*** Input for this task ***

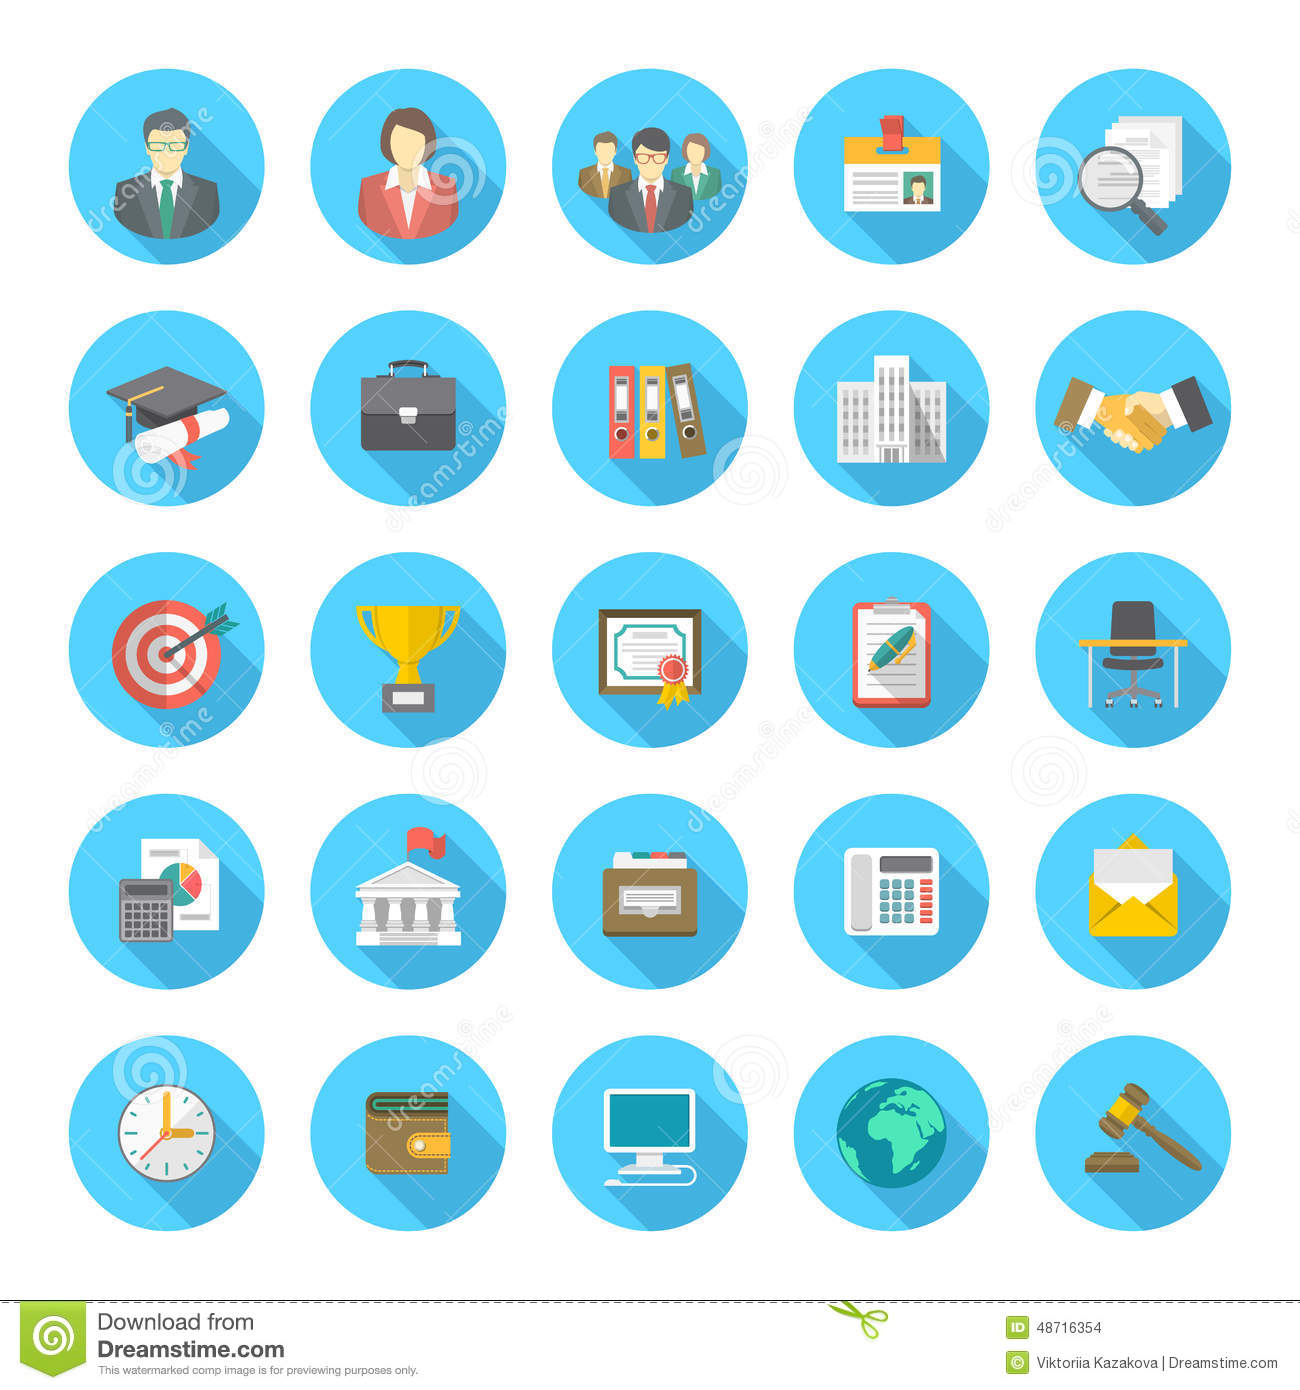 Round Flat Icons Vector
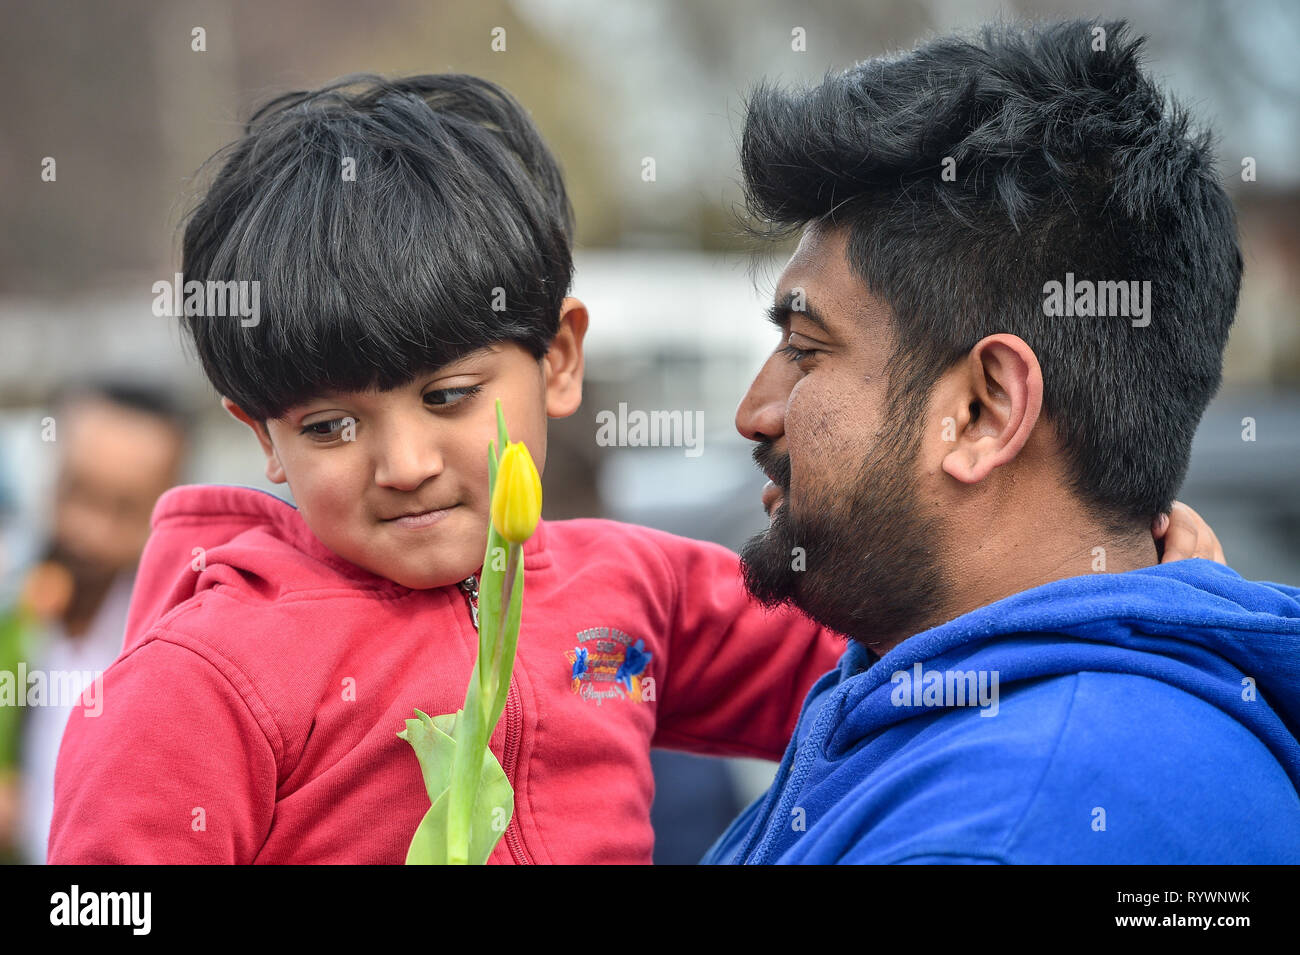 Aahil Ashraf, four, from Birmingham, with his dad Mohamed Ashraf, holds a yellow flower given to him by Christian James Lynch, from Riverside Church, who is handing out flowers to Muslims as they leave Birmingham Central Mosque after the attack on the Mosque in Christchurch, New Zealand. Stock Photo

*** End of Input for this task ***
*** Input for this task ***

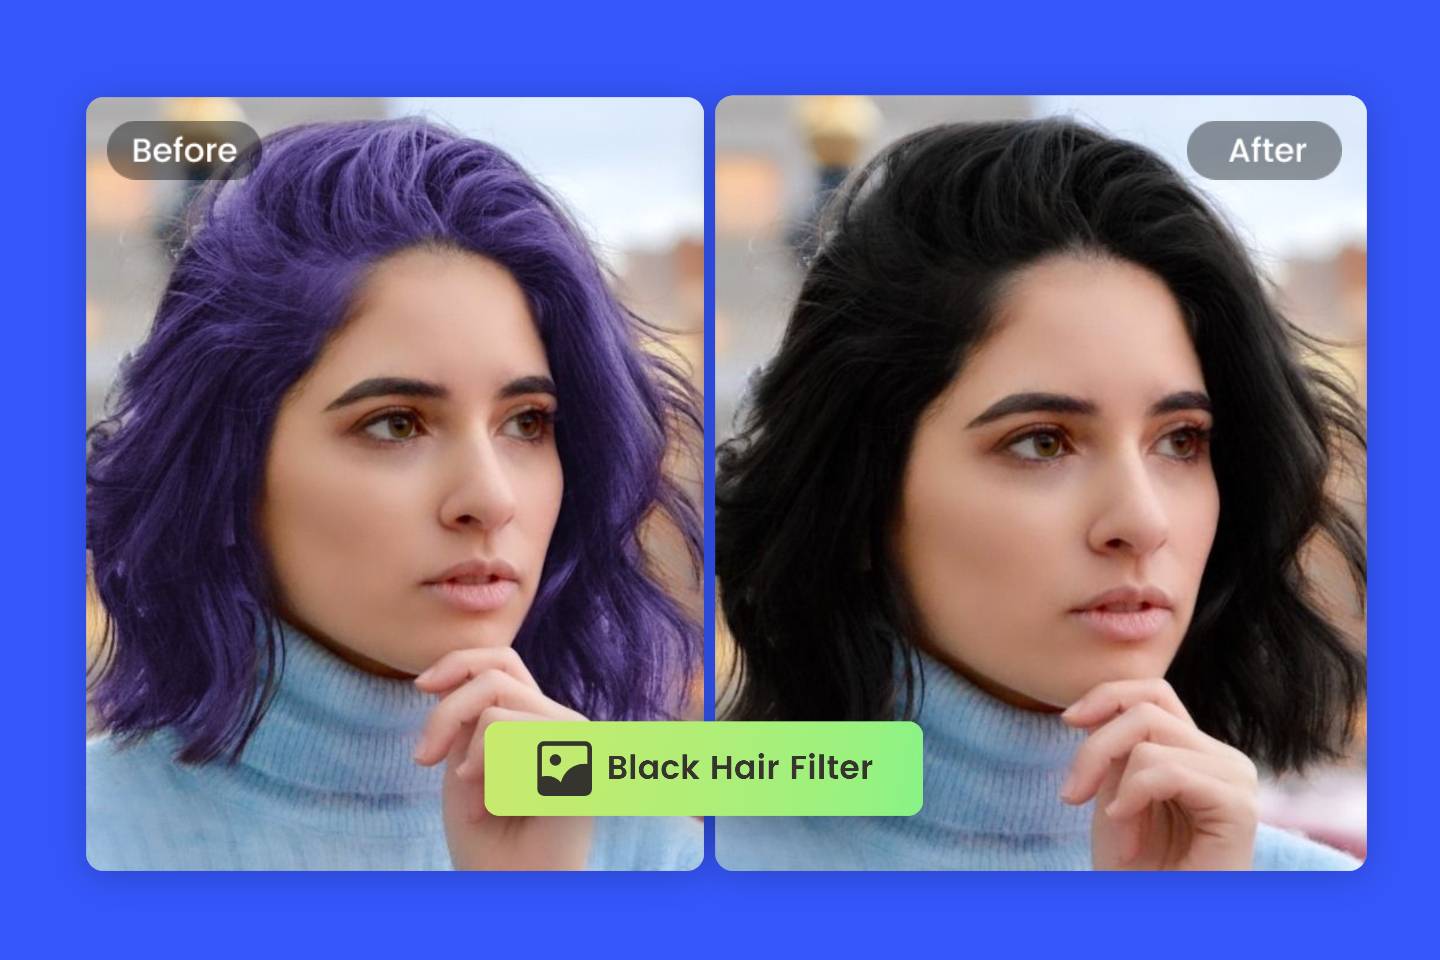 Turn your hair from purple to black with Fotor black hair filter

*** End of Input for this task ***
*** Input for this task ***

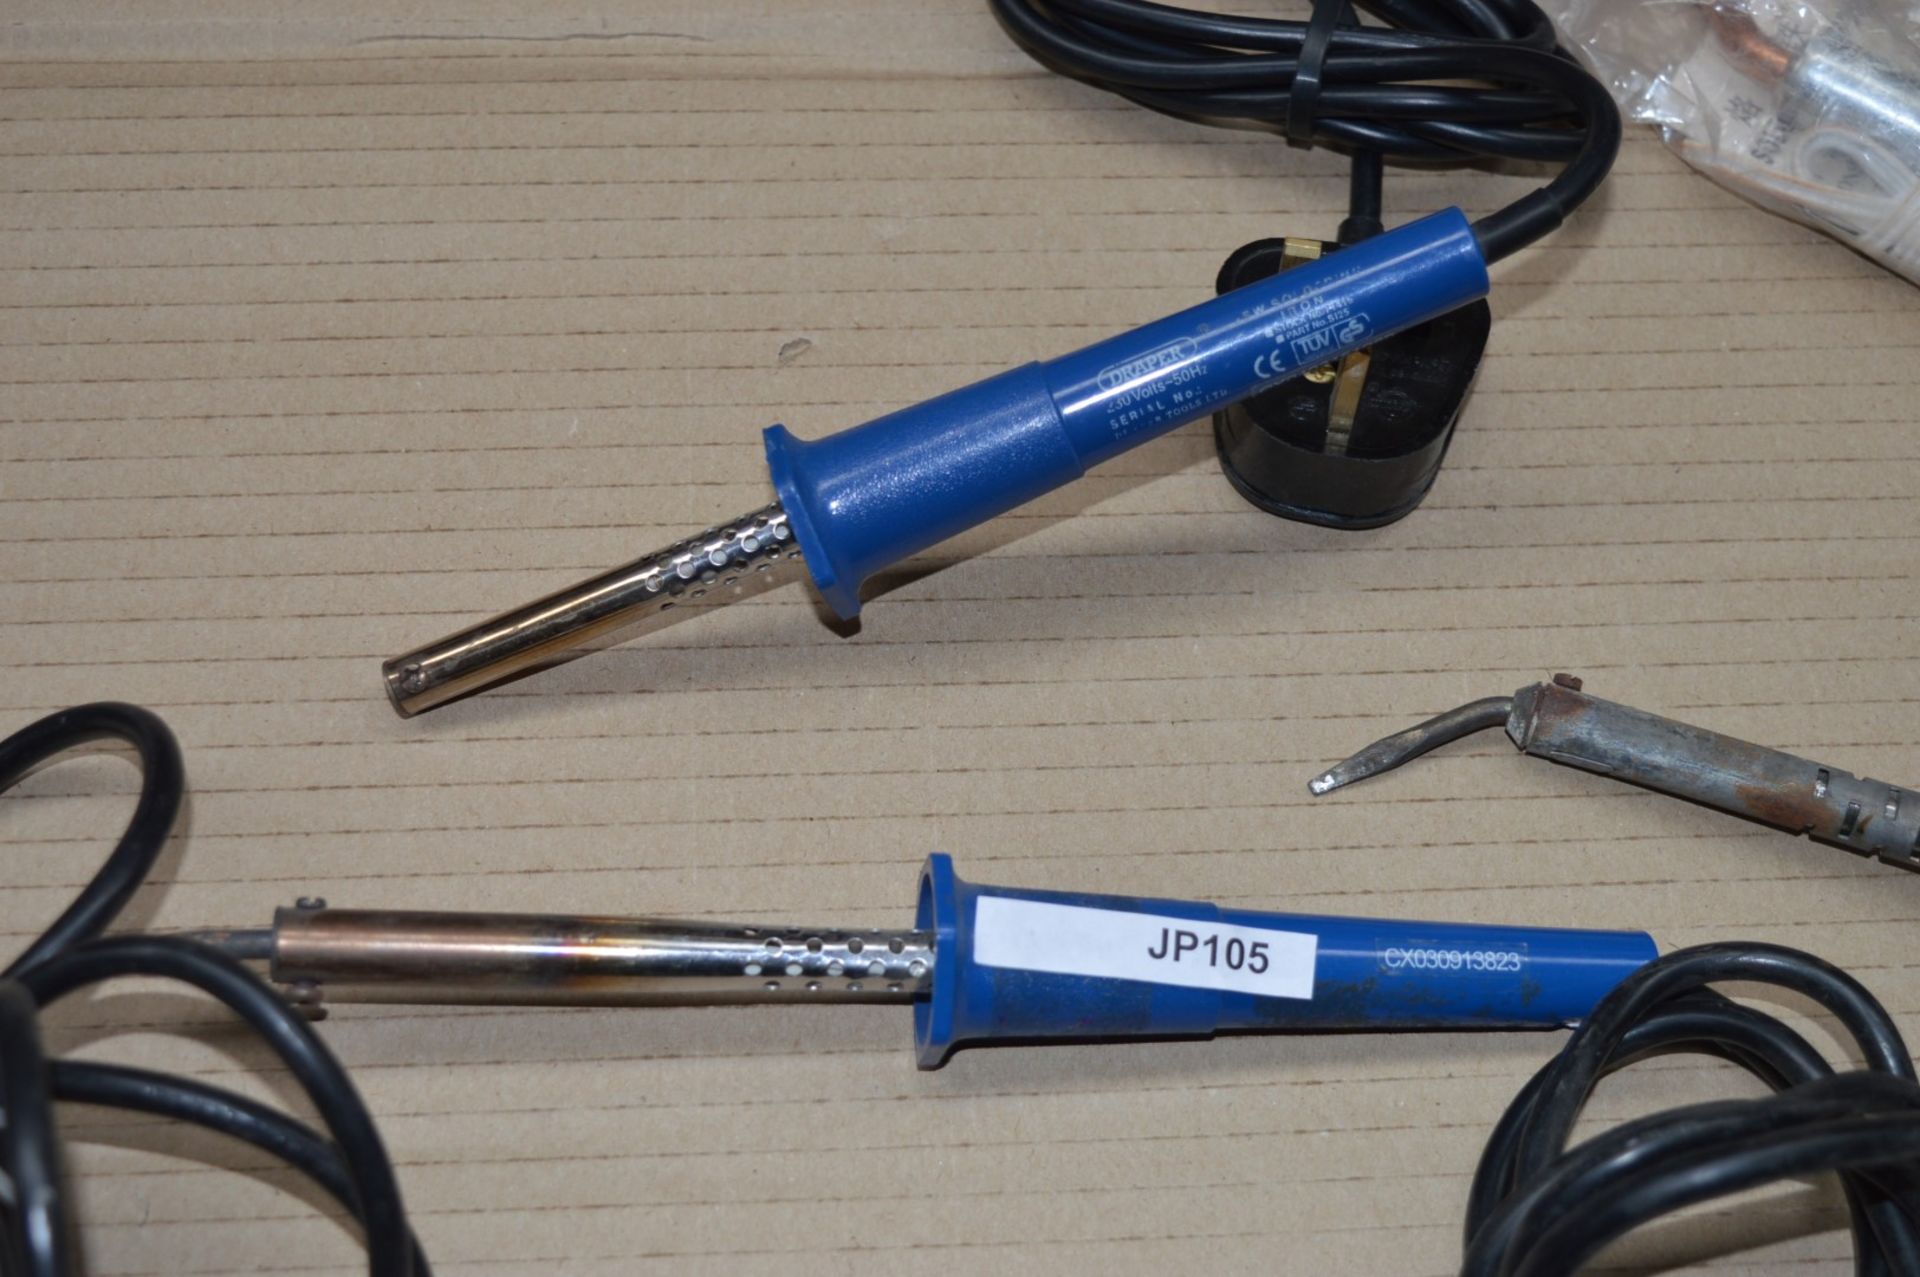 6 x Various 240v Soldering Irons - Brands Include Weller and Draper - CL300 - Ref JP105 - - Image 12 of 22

*** End of Input for this task ***

- About this exercise
A verbatim reproduction is expected: starting at the line above that has "Round Flat Icons Vector", ending at the line that has "Aahil Ashraf, four, from", both included, and with no pictures and no other lines.

- Your response
 Round Flat Icons Vector
 Aahil Ashraf, four, from Birmingham, with his dad Mohamed Ashraf, holds a yellow flower given to him by Christian James Lynch, from Riverside Church, who is handing out flowers to Muslims as they leave Birmingham Central Mosque after the attack on the Mosque in Christchurch, New Zealand. Stock Photo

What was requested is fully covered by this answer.